• **TASK DIRECTIONS**:
Copy out the listing that follows, exactly, without its pictures.

• **INFORMATION SHOWN**:
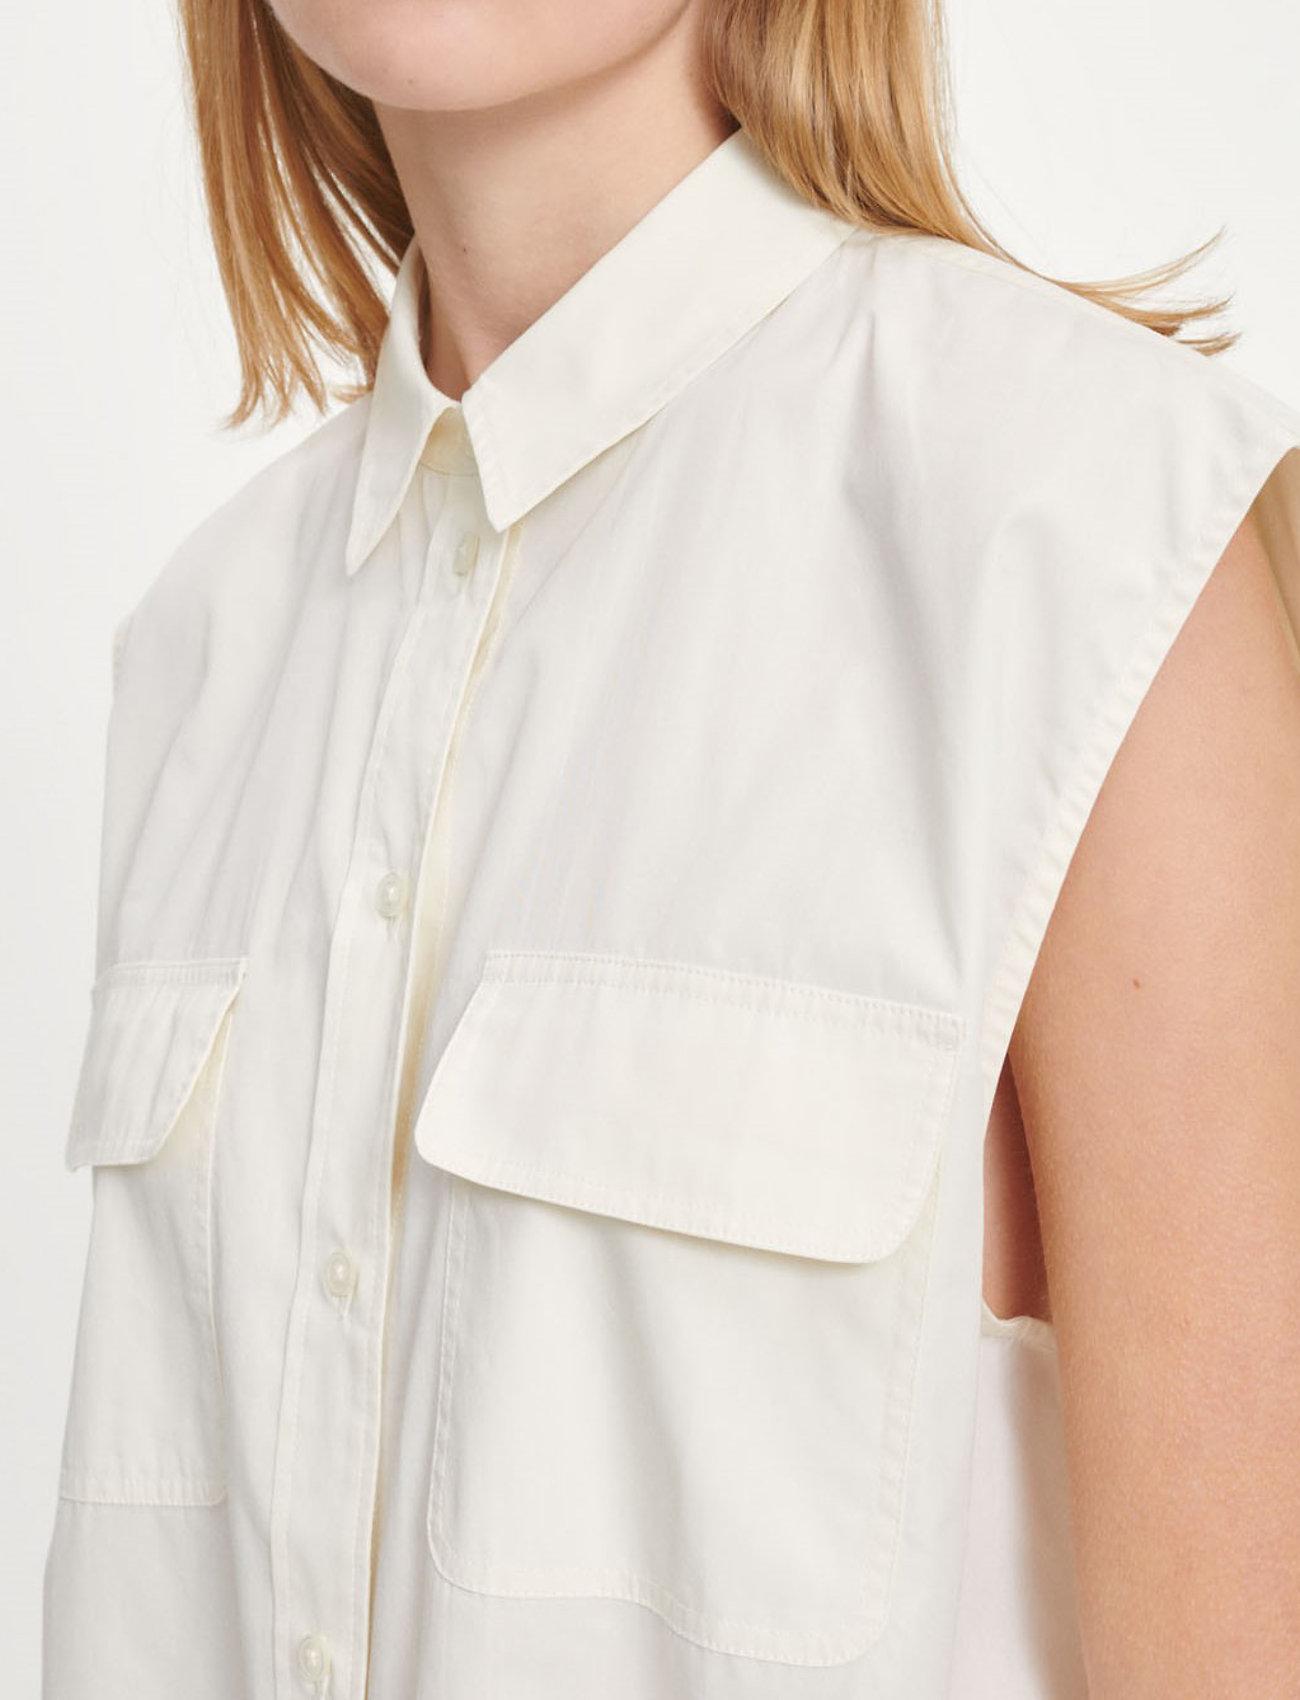 Samsøe Samsøe - Tea shirt top 11466 - denim shirts - antique white - 5
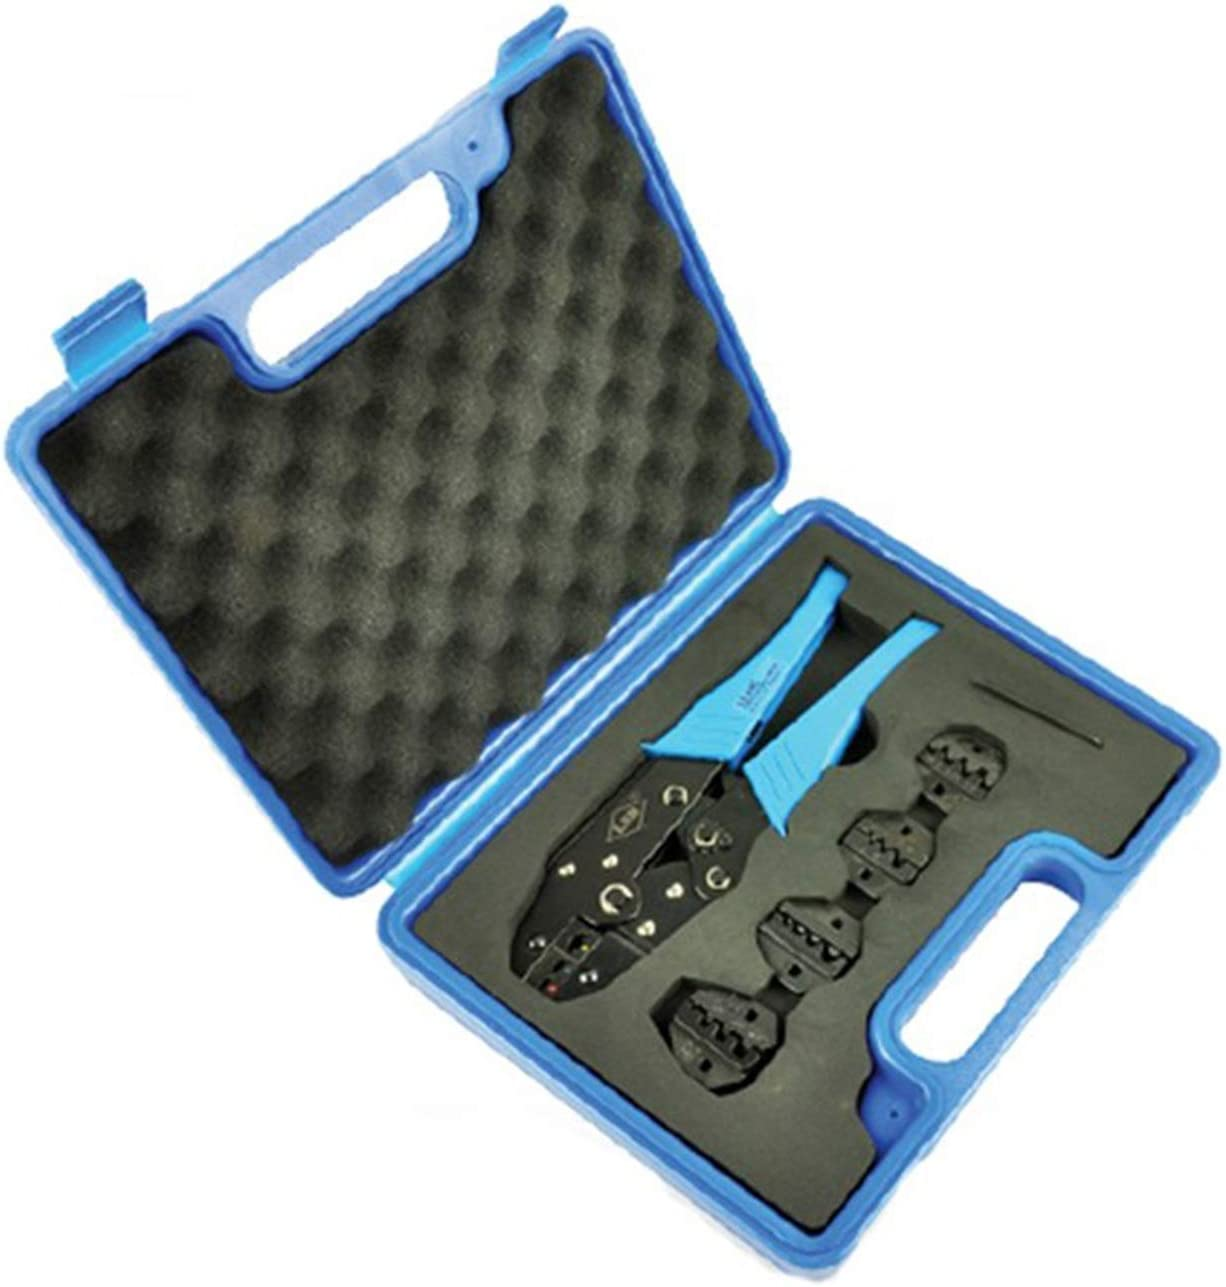 lifebea Very Topics on TV popular Crimping Tool Battery Pliers Lug
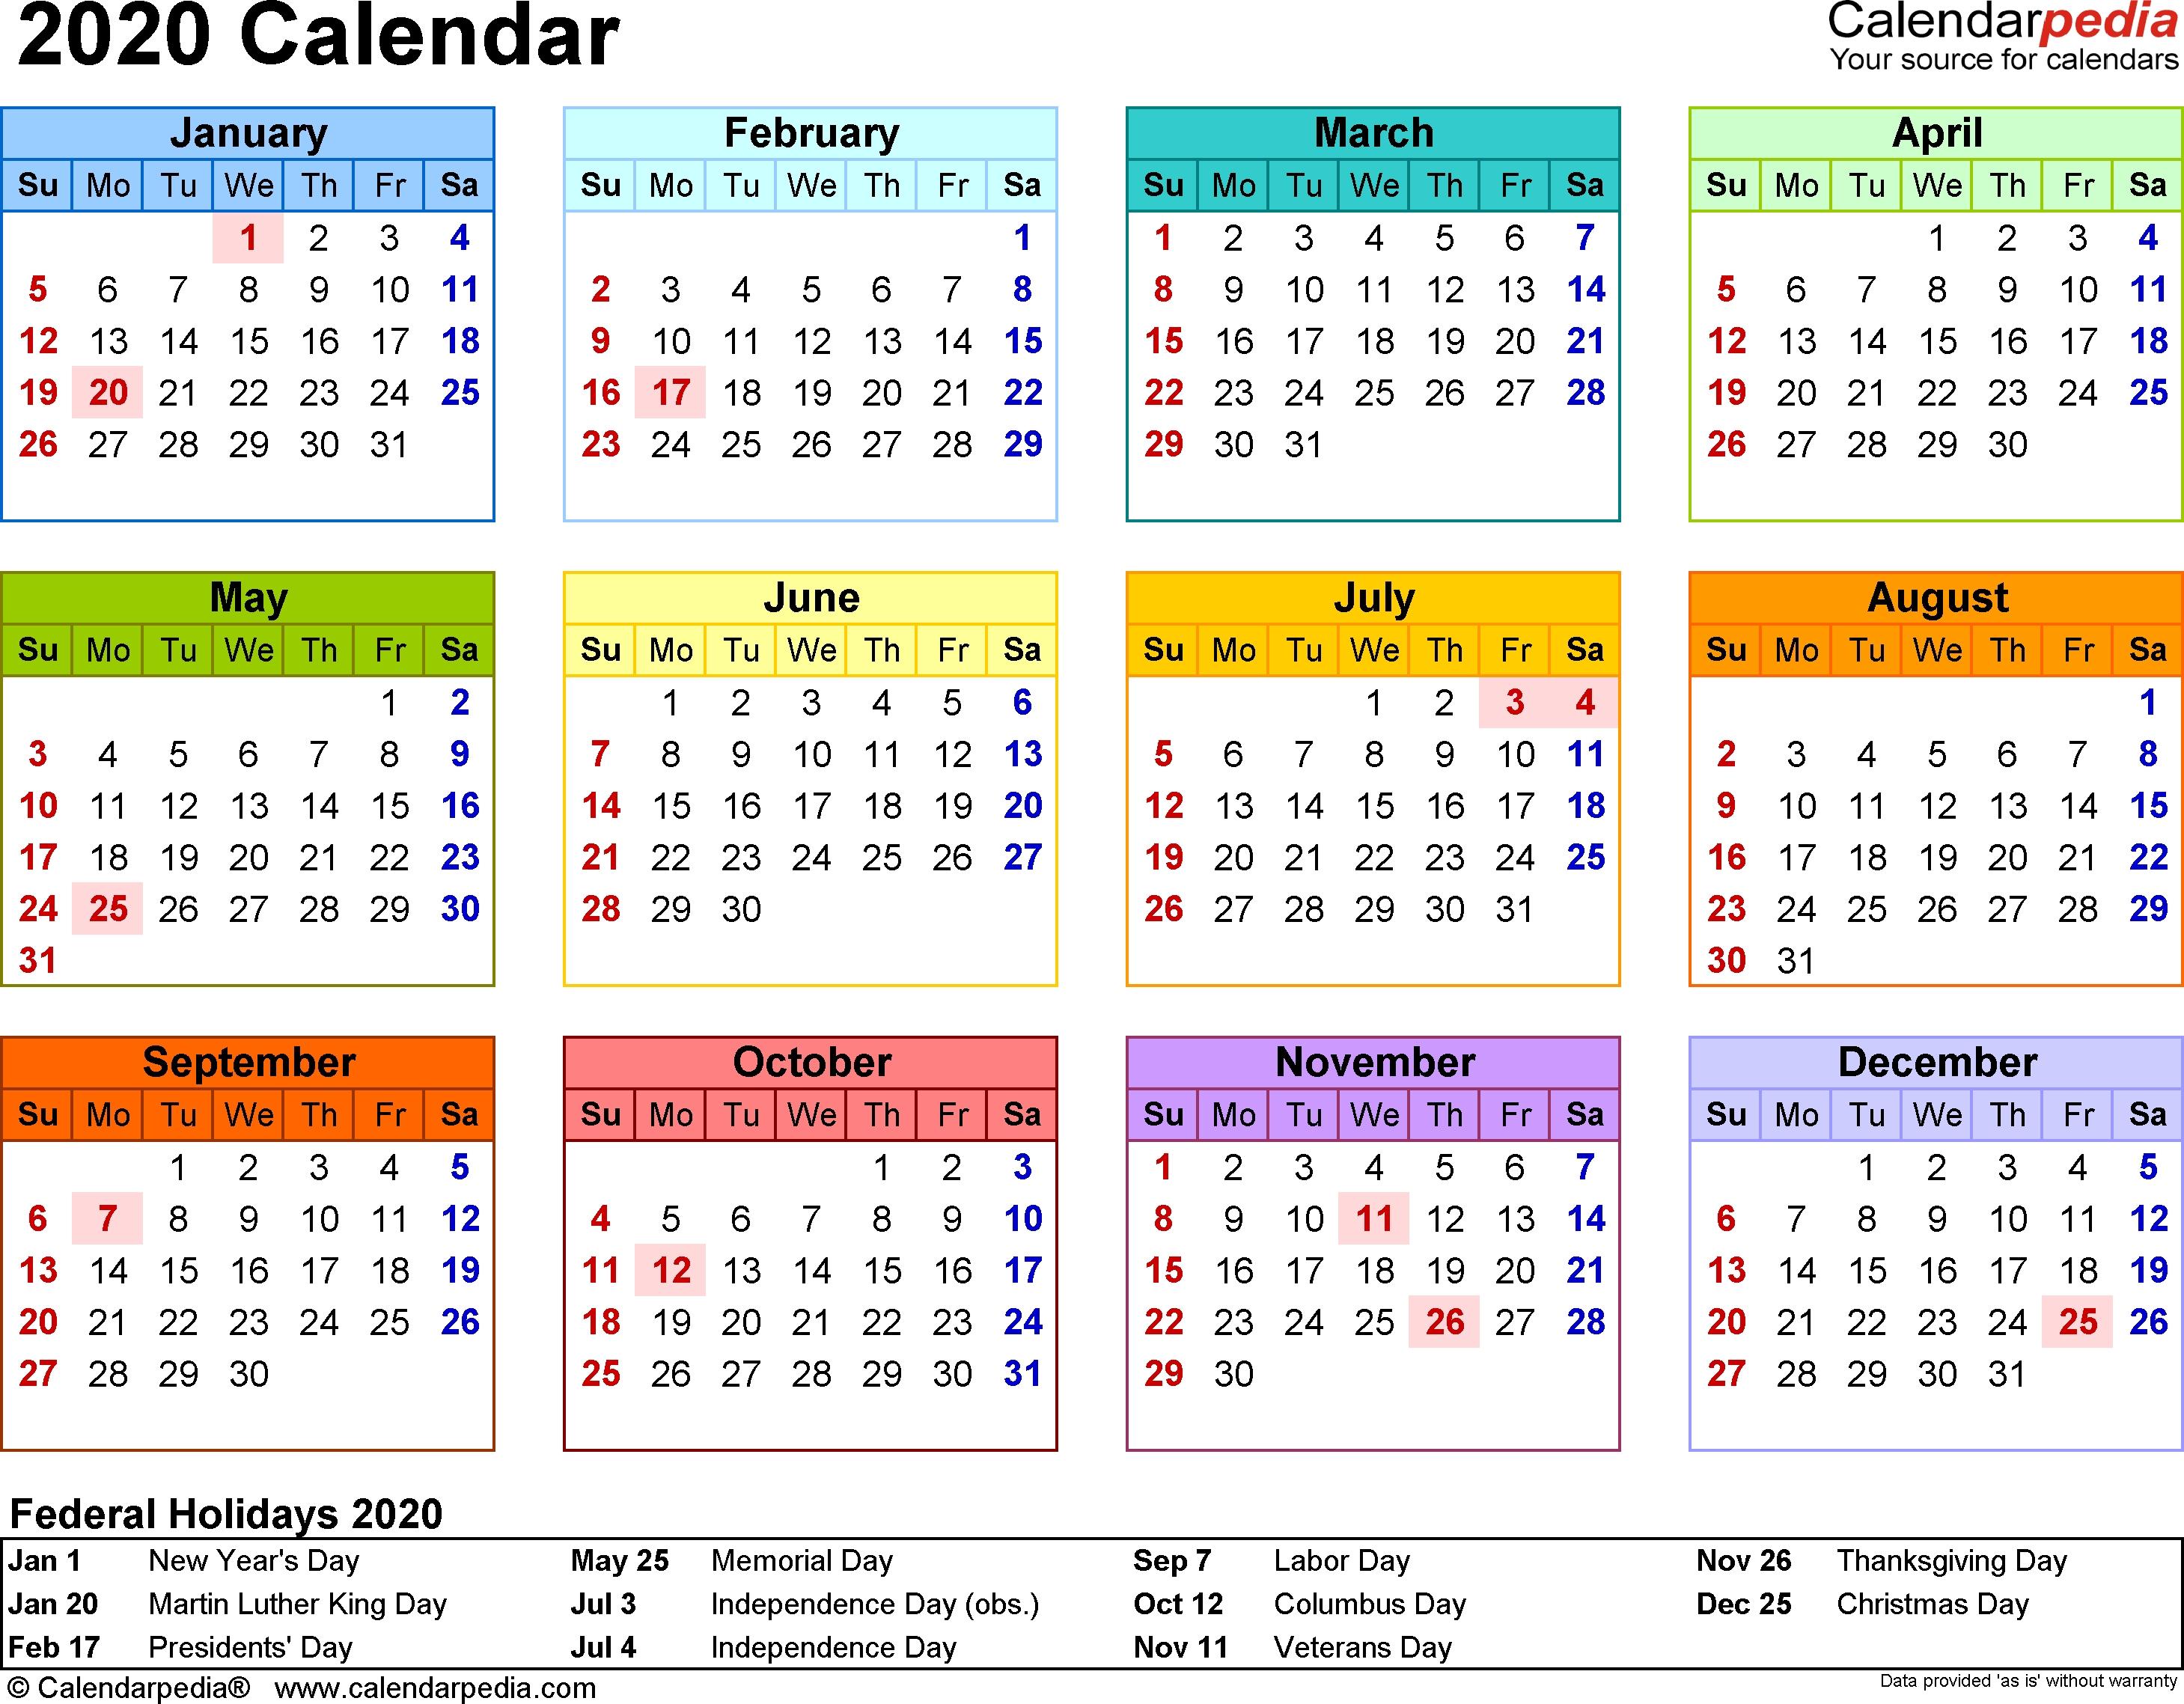 2020 Calendar - Free Printable Microsoft Word Templates Year 2020 Calender - South Africa
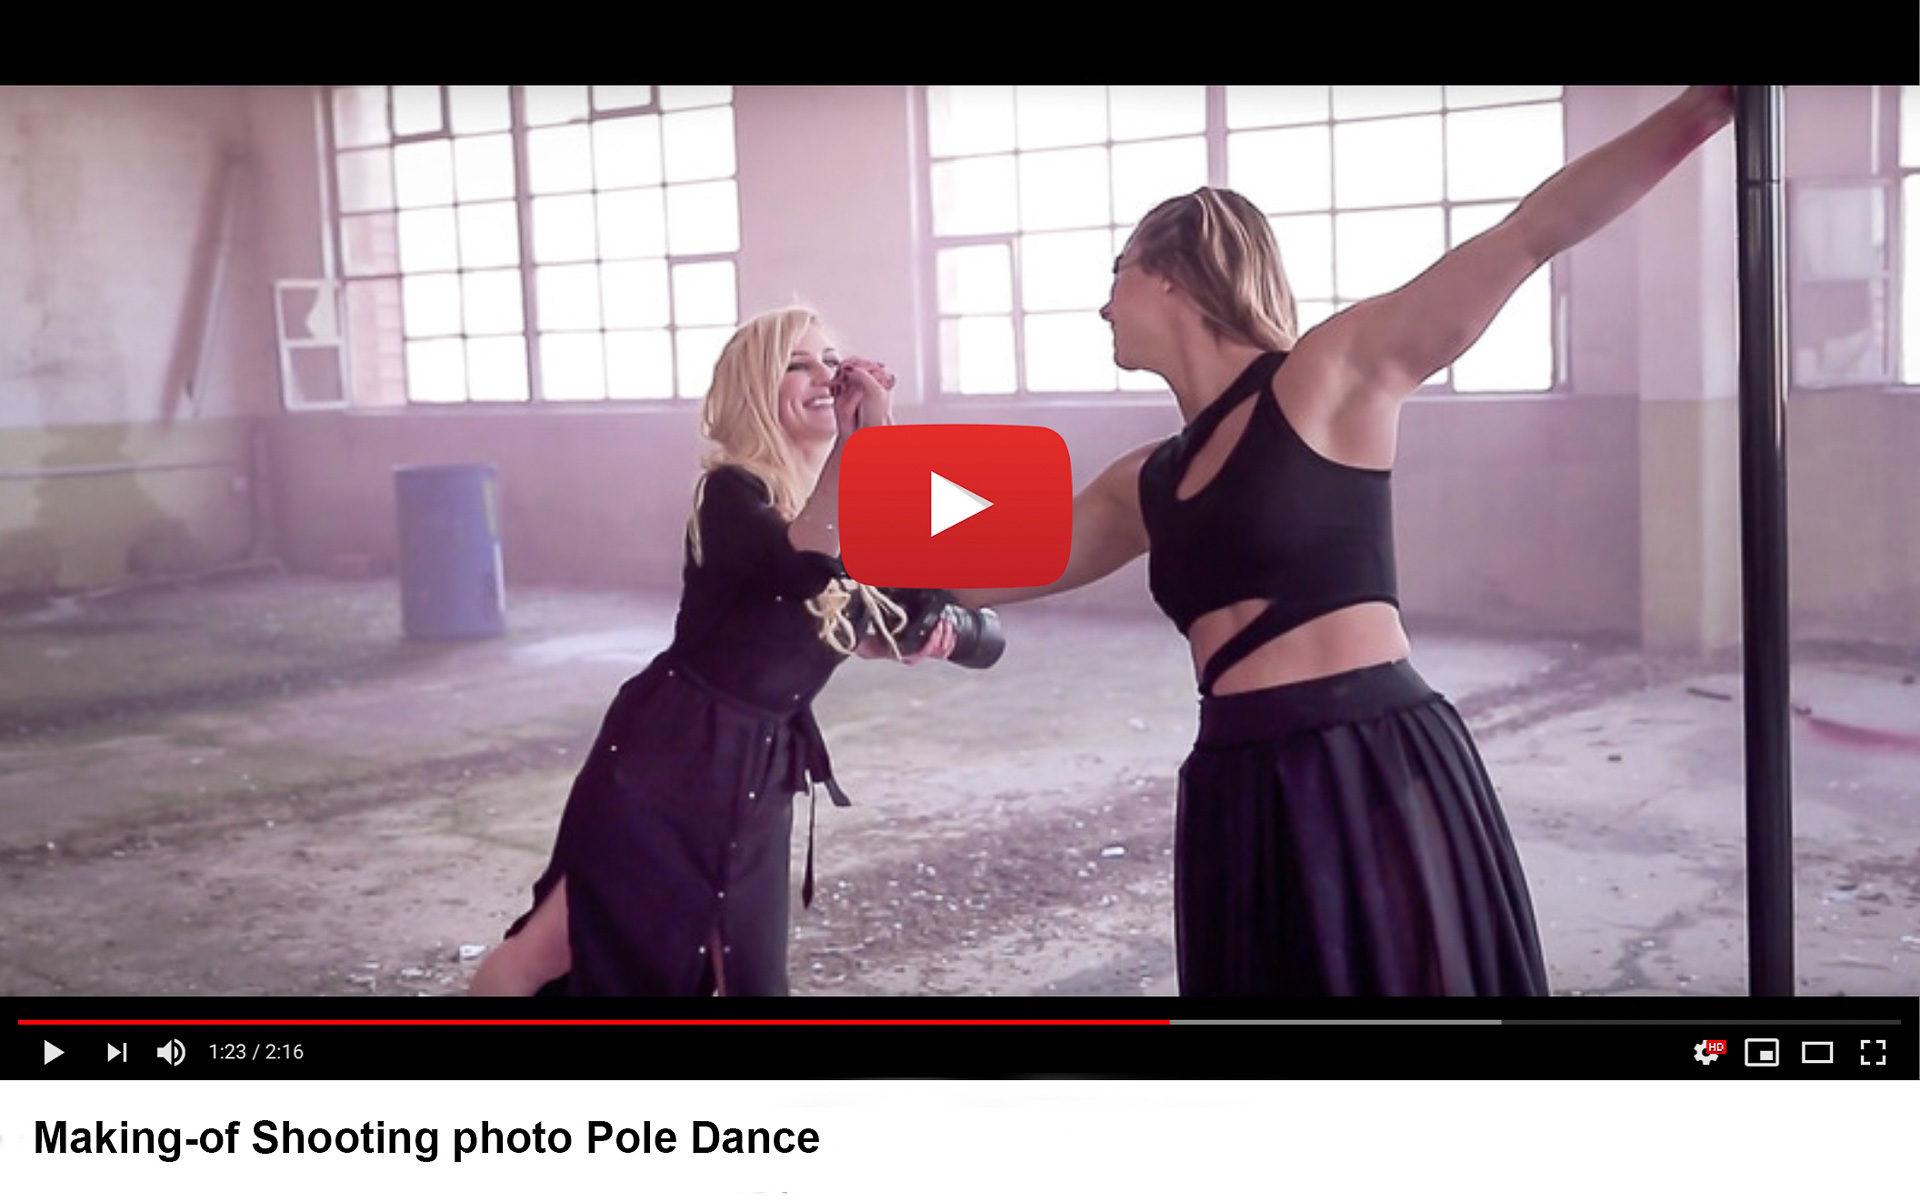 youtube making-of pole dance - Valentine Poulain

• **OUTPUT BELOW**:
 Samsøe Samsøe - Tea shirt top 11466 - denim shirts - antique white - 5
 lifebea Very Topics on TV popular Crimping Tool Battery Pliers Lug
 2020 Calendar - Free Printable Microsoft Word Templates Year 2020 Calender - South Africa
 youtube making-of pole dance - Valentine Poulain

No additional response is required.